This scenario isn't so different from when you make it to the final round of an interview and are meeting with the head honcho.  You've successfully completed multiple rounds of interviews but this one is make or break.  Here is some advice with analogies to help you put it in perspective and pass with flying colors:

Introductions: Be mindful of how you're introduced.  If it's Mr-and-Mrs, keep that format.  You will probably be on a first name basis though so be confident and don't feel awkward; you are an adult, a progressive equal.  You've already been endorsed so go with it.  Showing your ease in their presence should help alleviate some inherent tension and in turn benefit you.
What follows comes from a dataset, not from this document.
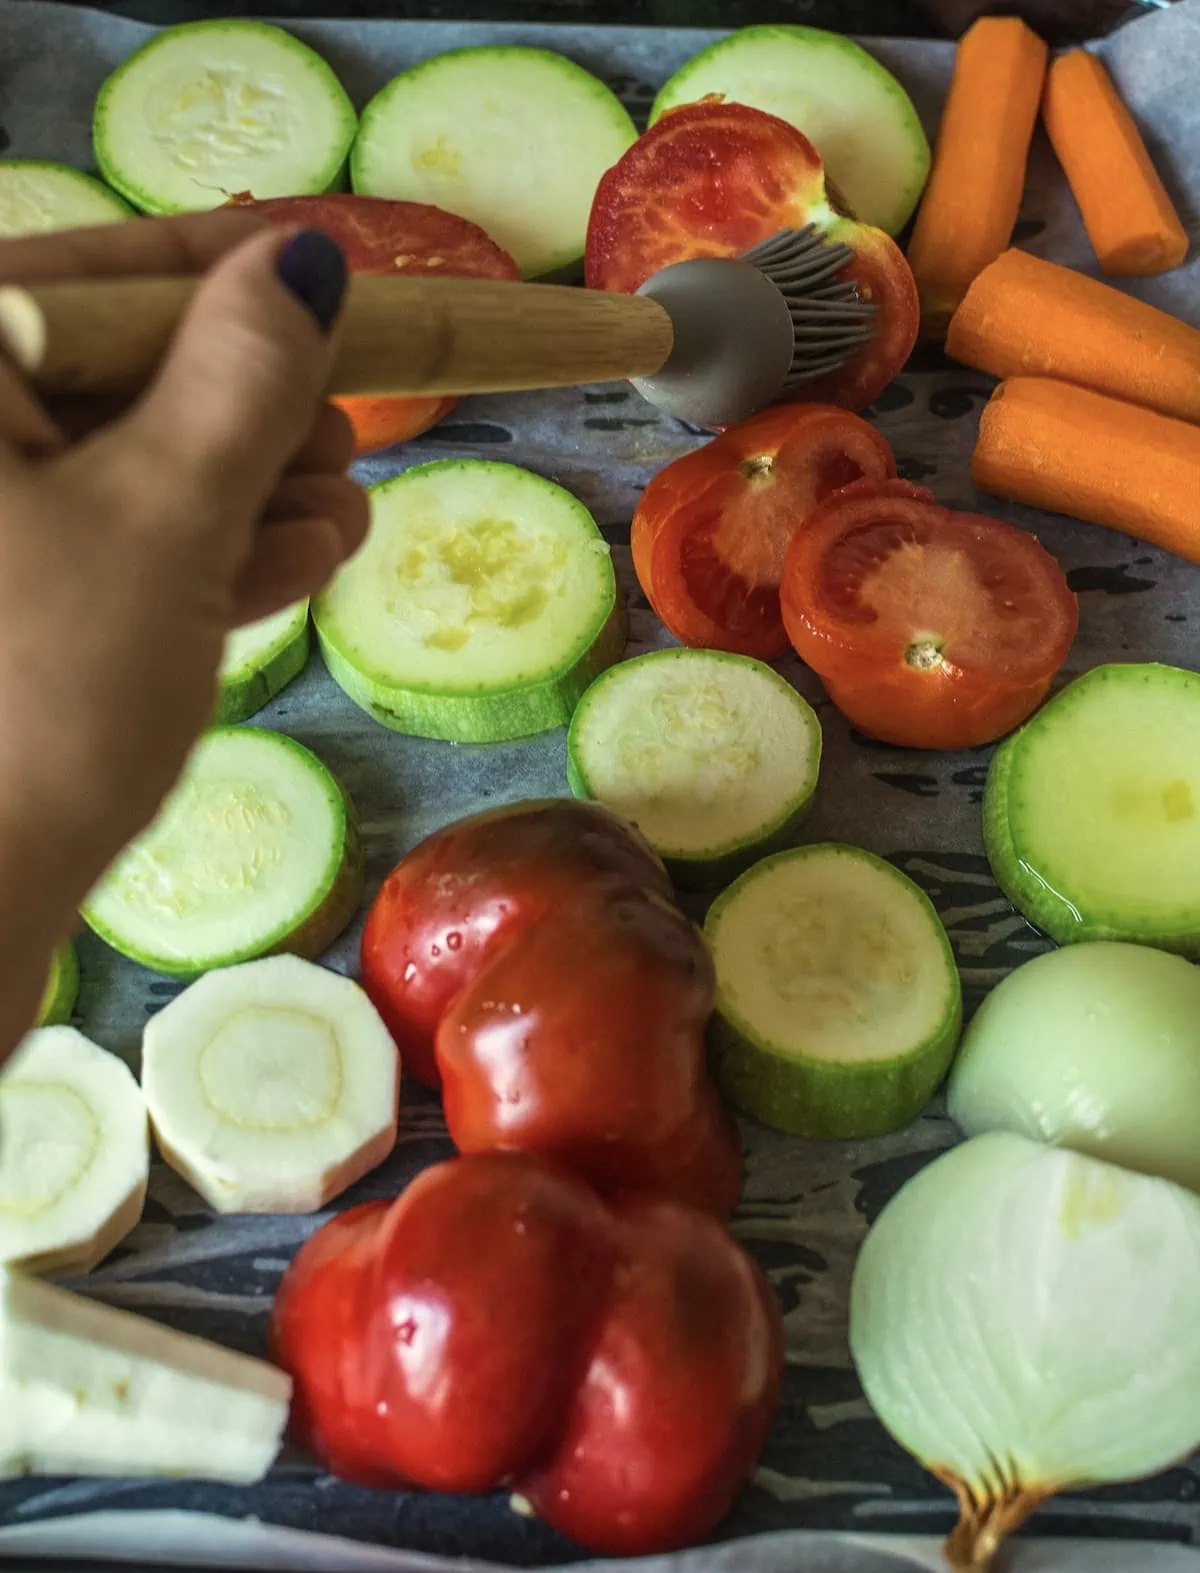 A person is preparing vegetables by brushing oil on them.
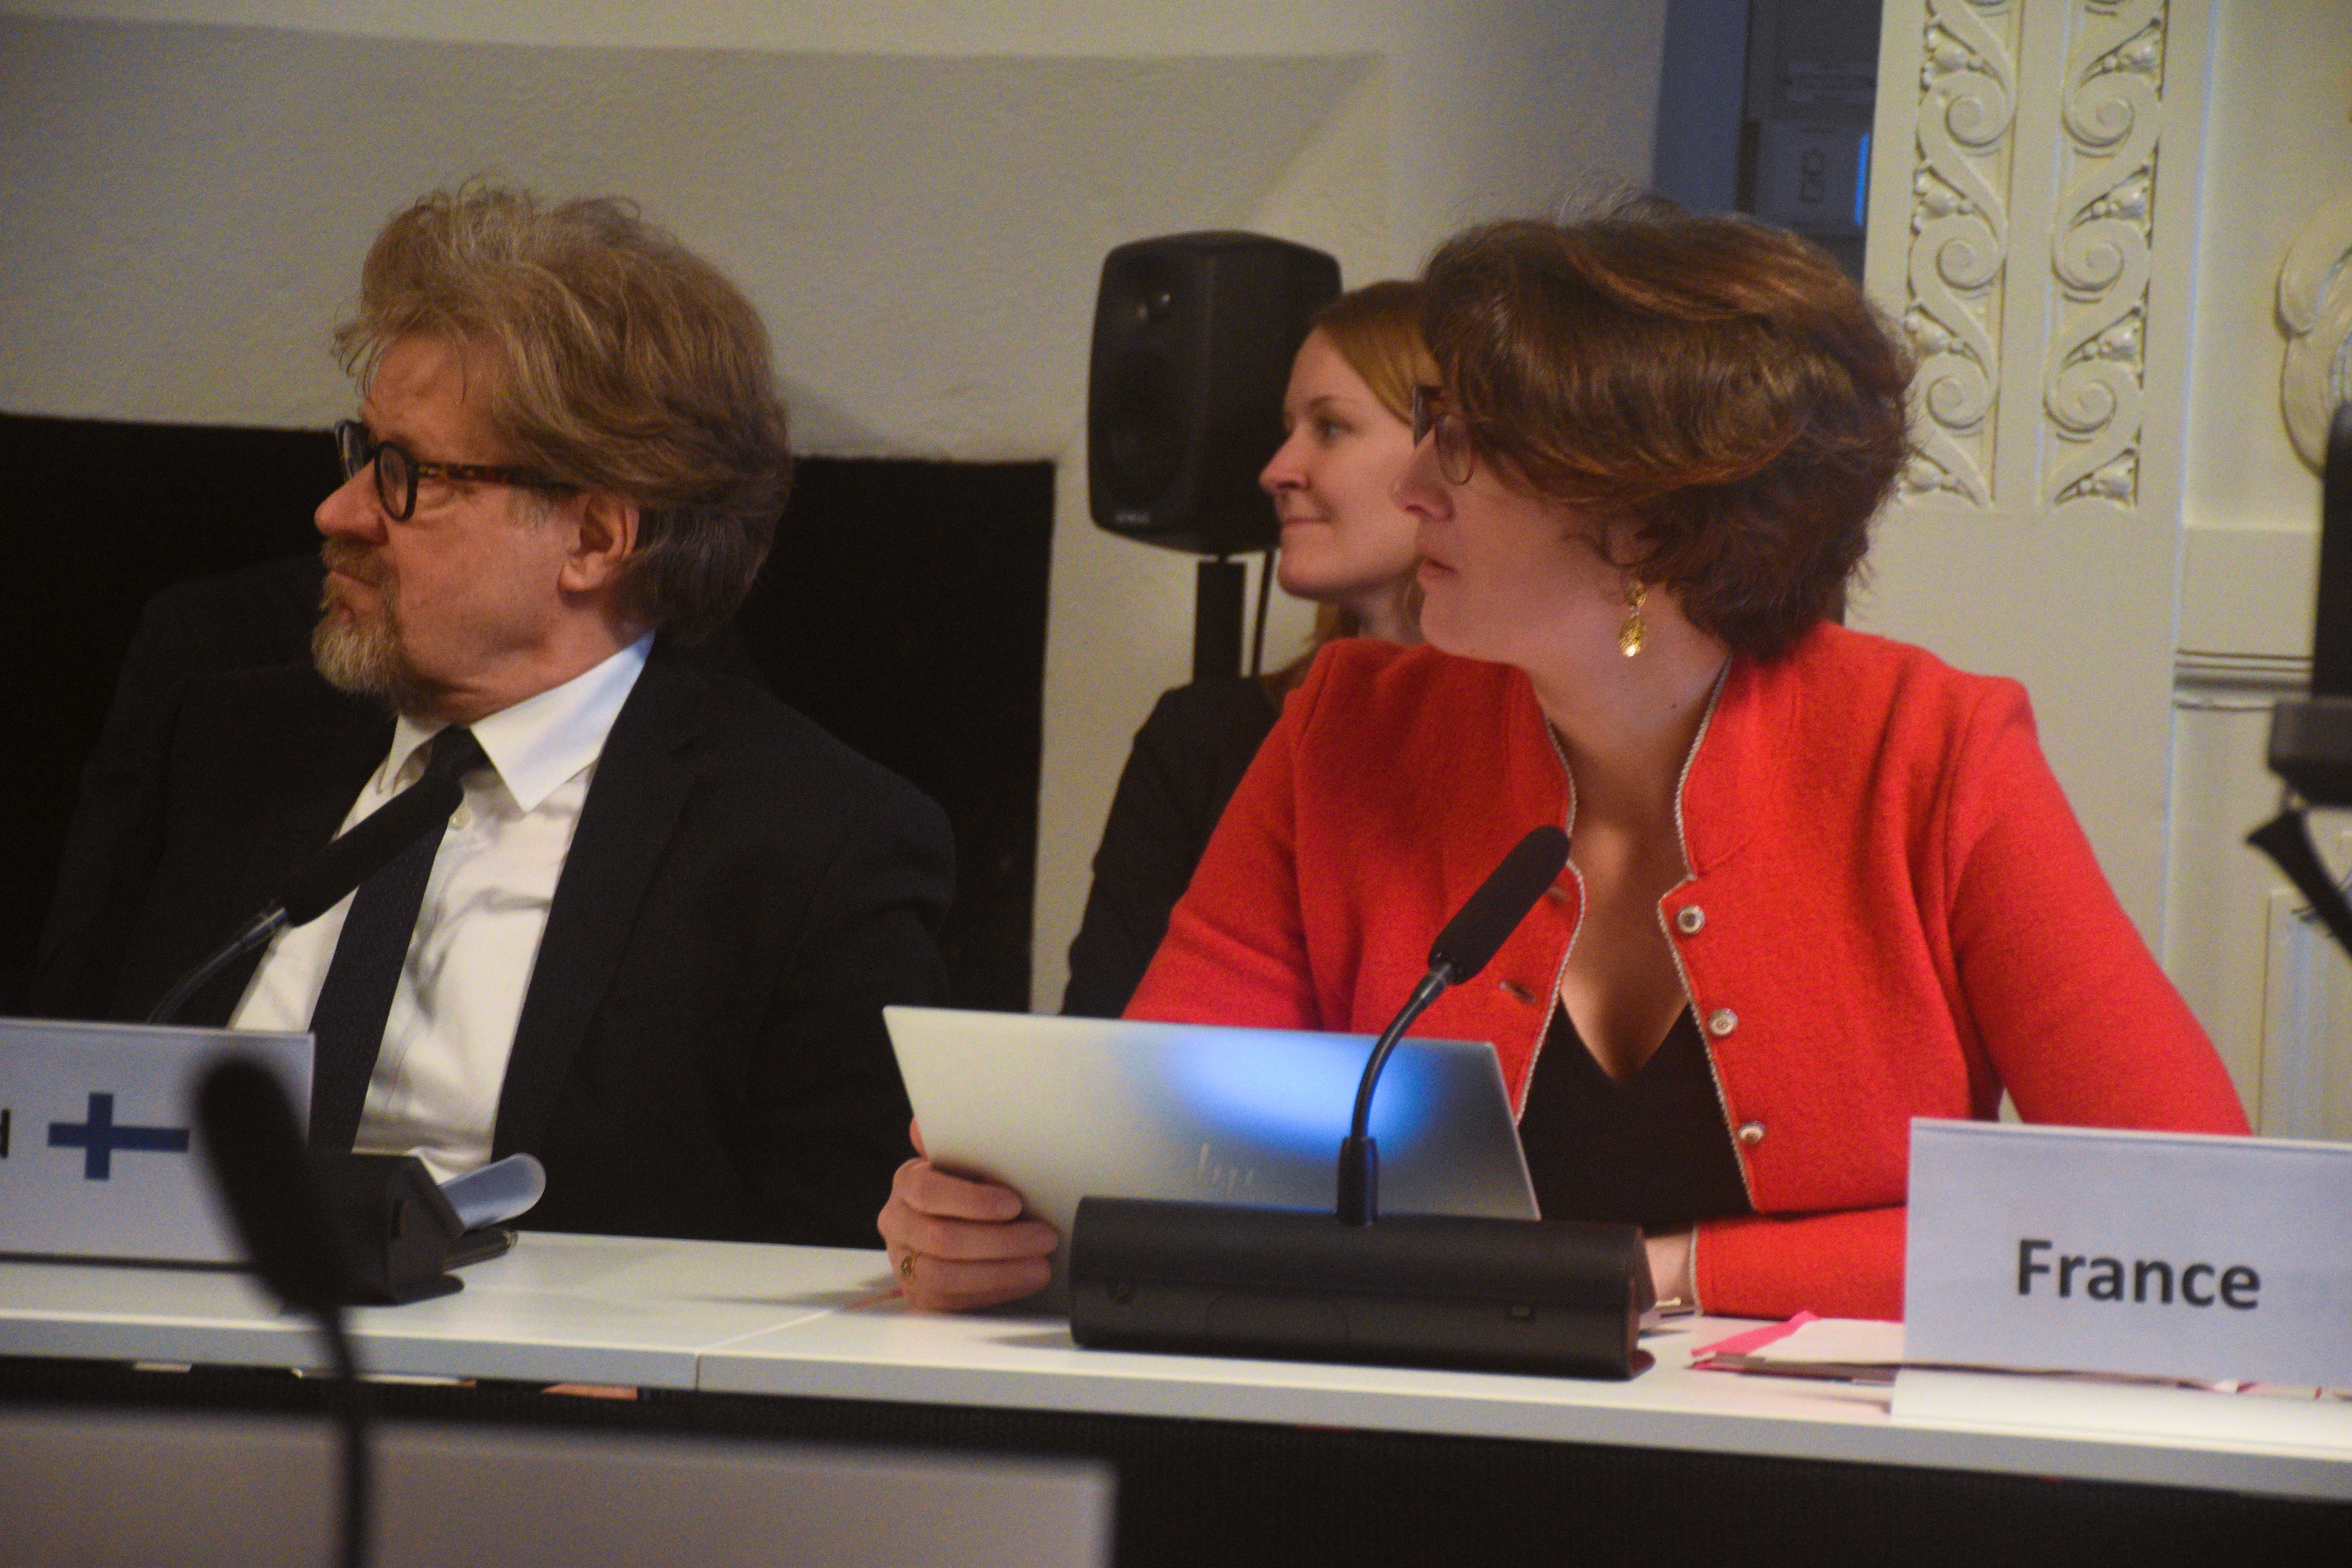 From left: Pekka Hukka, Ambassador of Rule of Law, Democracy and Good Governance at the Finnish Ministry for Foreign Affairs sitting next to Clémence Weulersse, Head of the Department for Democratic Governance, representing the French Ministry for Europe and Foreign Affairs at the Council of Member States meeting on 1 December 2023.

Ask questions, don't wait to be grilled:  If you take control of the conversation and move it in a direction you're comfortable with, you have a better chance of success out of the gate.  Don't forget that everyone likes to have questions asked about themselves, whether it's a set of parents or a CEO.  It's ok to make a general comment about a picture on a desk or wall but try to walk that line between politely interested and creepy/intrusive.  Just one personal question to an interviewer will suffice - then take it back to business.

Compliment their kid: Basically this means the management staff you've already met.  Just like parents are proud of their children and love to hear how wonderful they are, a company leader likes to hear the same about their senior staff.  Name names and reference details to make more of an impact.

Don't Eddie Haskell it: (for anyone too young to know this, check out Wikipedia)  The lesson is don't lay it on too thick.  Be respectful and complimentary but you must also be genuine.  If you're on track to become part of a family, the real you must show through.  Businesses are families just as much as your future in-laws are a family - and no one welcomes a phony or heaven forbid a show-off into their family.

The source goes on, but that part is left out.